We had a fairly standard configuration for the HPE Smart Buy server.

  • Server: HPE ProLiant ML110 Gen10, single PSU configuration
  • CPU: Intel Xeon Silver 4108 (8 core/ 16 thread)
  • Memory: 1x 16GB DDR4-2666 ECC RDIMM and 6x 16GB ECC RDIMMs
  • Storage: Samsung 960GB SATA SSD
HPE ProLiant ML110 Gen10 Boot
HPE ProLiant ML110 Gen10 Boot

This came as an HPE “Smart Buy” configuration. These are generally sparsely outfitted servers with a minimum set of options. We wanted to take a quick opportunity to break down exactly why this was an amazing value at around $1000 shipped to our facility.

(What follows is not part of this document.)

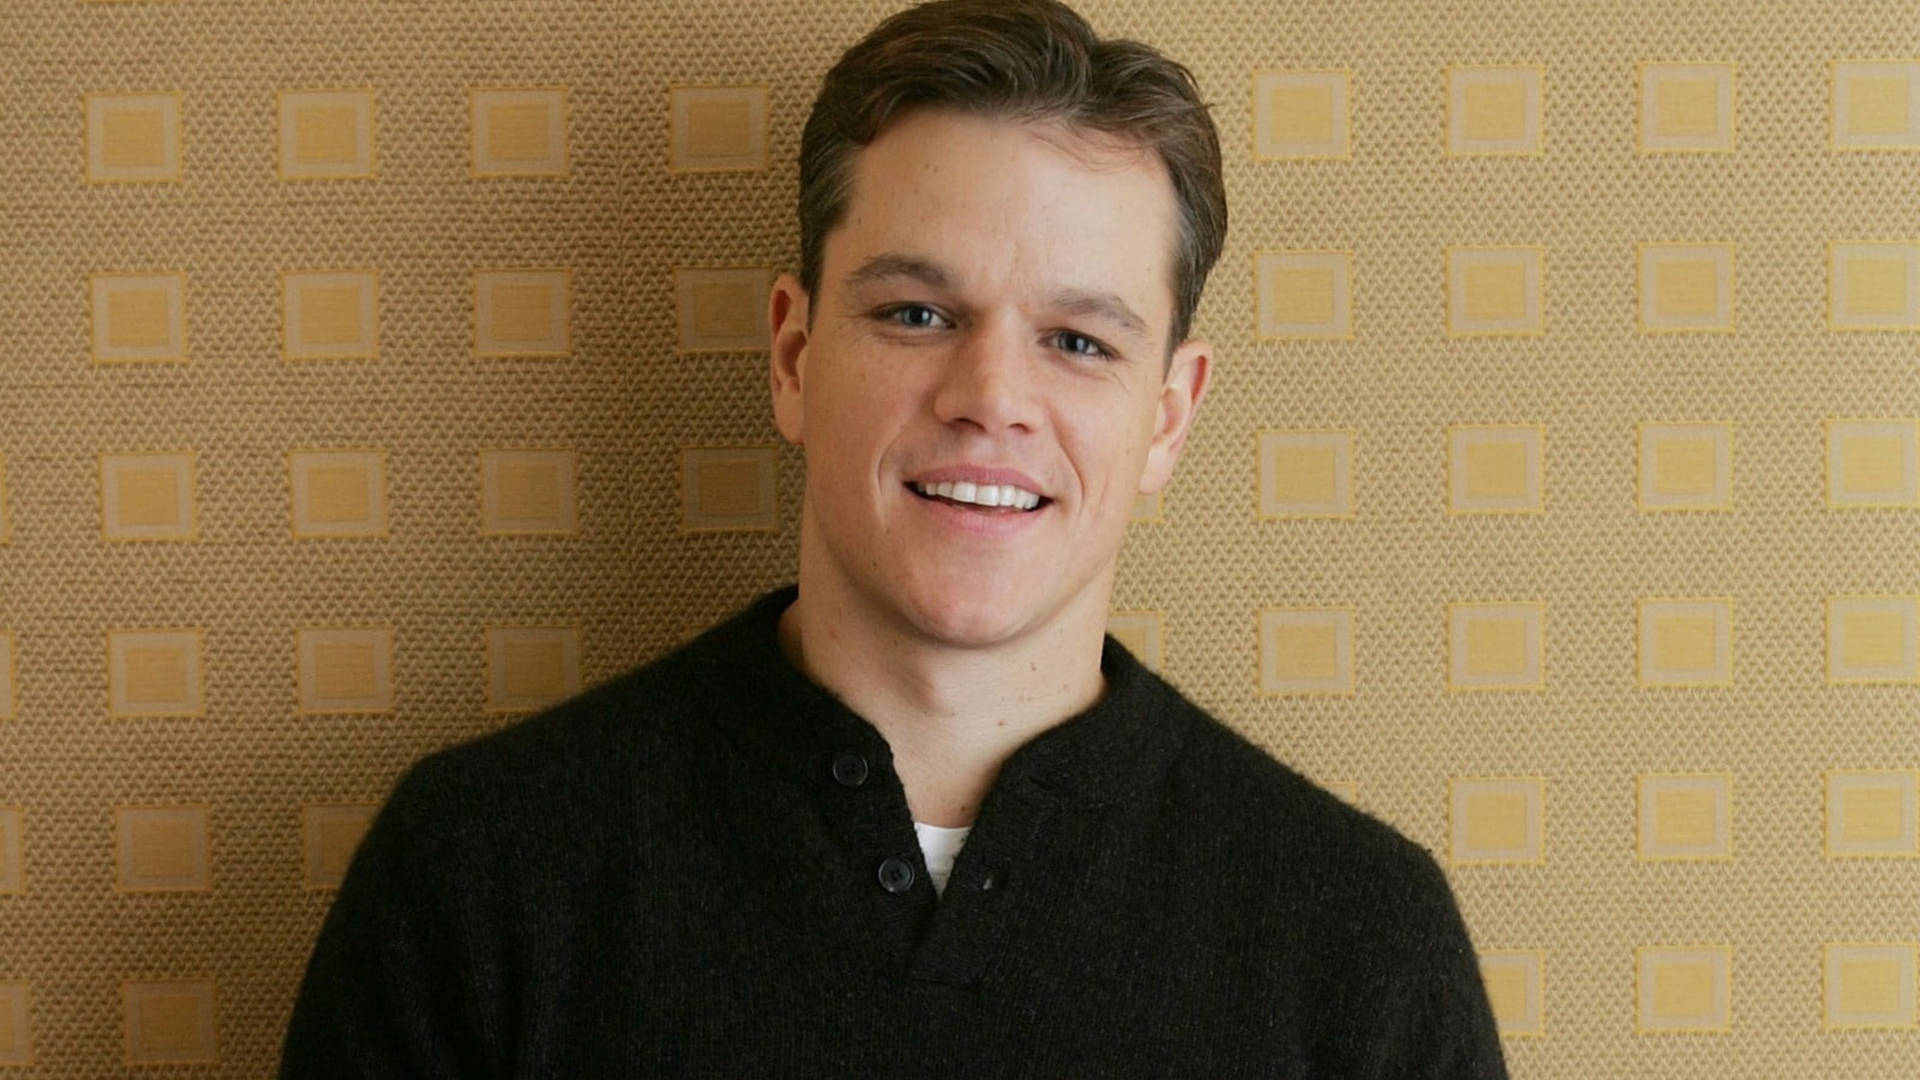 Matt Damon Mid-Parted Hair Wallpaper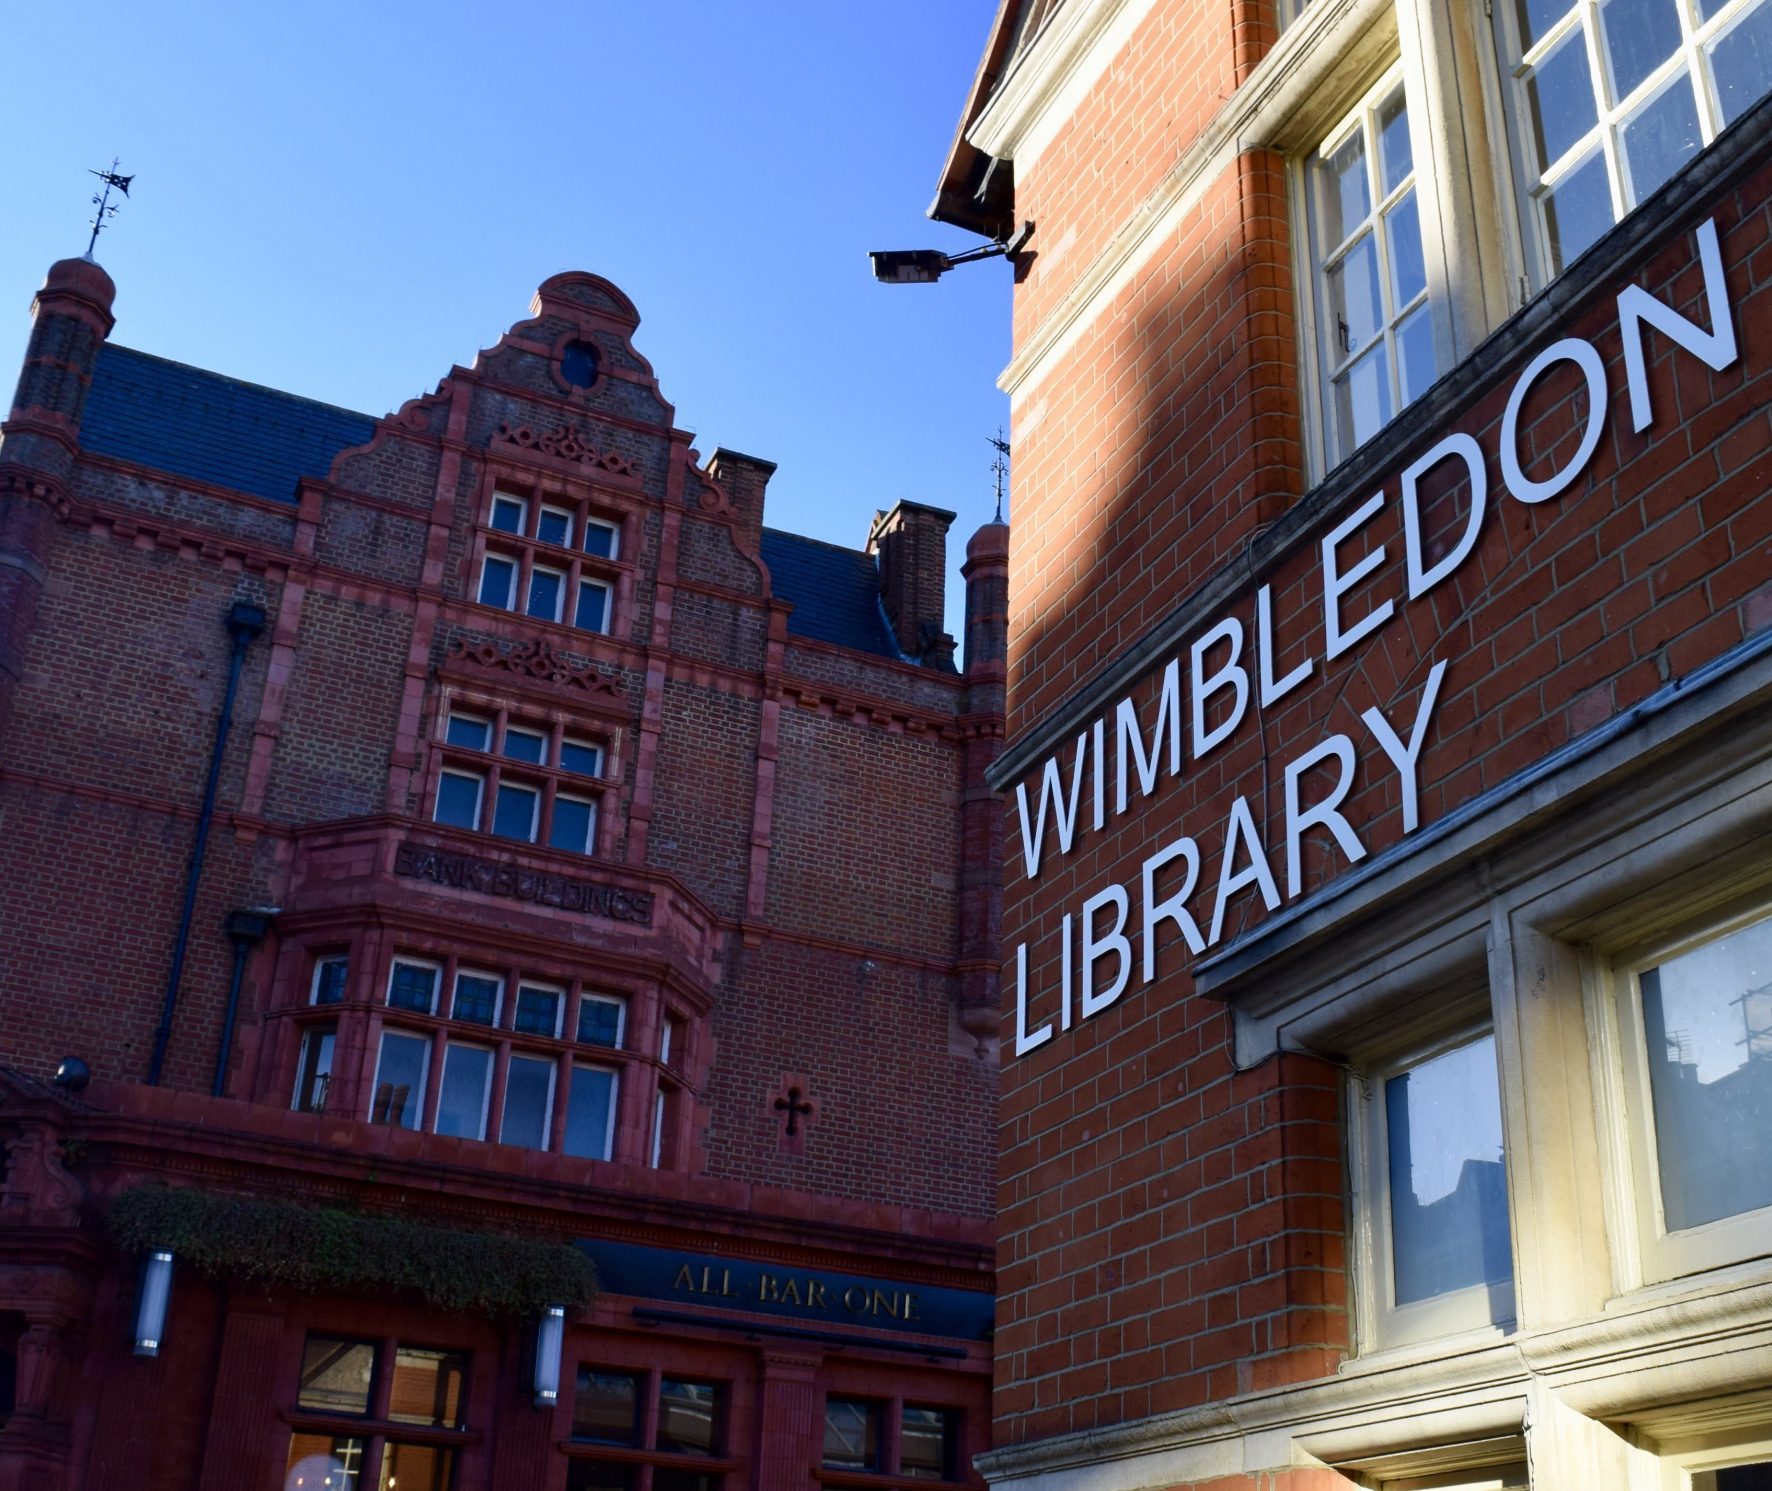 Wimbledon Library

Our server did not have the OS drive installed, nor any storage. We wanted to just take stock of what a build-your-own version of this would be. Our HPE ProLiant ML110 Gen10 Smart Buy configuration was around $1000 shipped, and we often get the question of whether it is worth just building your own. Although vendors generally do not like when we do this, we wanted to show you how good of a deal this is in a value breakdown.

HPE ProLiant ML110 Gen10 Value Breakdowns
HPE ProLiant ML110 Gen10 Value Breakdown

Just looking at the retail prices for new parts the week that this unit arrived, we would have spent around $100 more for the components in the HPE configuration if we purchased them separately. This would have also led us in the direction of a system that is not as well optimized. Still, HPE is often quoted as costing a lot more than white box vendors. This is a good example of where HPE is less expensive than white box alternatives.

There is an asterisk to this. Our alternative single socket ATX motherboard had iKVM functionality. In the small and medium business segments and down market, this is an essential feature. With HPE, one needs to upgrade to iLO Advanced to get iKVM features. We spent $100 on our license which makes pricing above the white box alternative. As we stated in our HPE ProLiant DL20 Gen10 Review HPE needs to get a lower-cost solution with either free or $20 iLO 5 “Enhanced Basic” or similar to add just iKVM to these platforms. For larger servers and enterprises, the iLO 5 Advanced has a number of great features that we are going to get into in our management section. On the other hand, that license offering would completely change the value proposition of the ProLiant ML110 Gen10 against white box alternatives.

HPE ProLiant ML110 Gen10 Topology

One area that we are keenly aware of today, and will be increasingly so with future multi-chip packages, is system topology. Luckily, the Intel Xeon E-2100 series has an extremely simple system topology.

HPE ProLiant ML110 Gen10 Topology
HPE ProLiant ML110 Gen10 Topology

As one can see, the HPE ProLiant ML110 Gen10 is a fairly simple topology since everything is connected to a single die CPU. If you are comparing this to an Intel Xeon E-2100 series server like the HPE ProLiant DL20 Gen10, the HPE ProLiant ML110 Gen10 has more PCIe lanes available through the CPU itself, and more connectivity from the PCH. Compared to an AMD EPYC 7001 series platform, one has a single NUMA node with the ML110 Gen10 versus multiple NUMA nodes on the AMD platform. There is an element to the HPE ProLiant ML110 Gen10 that it will work well and as expected out of the box which is great for users.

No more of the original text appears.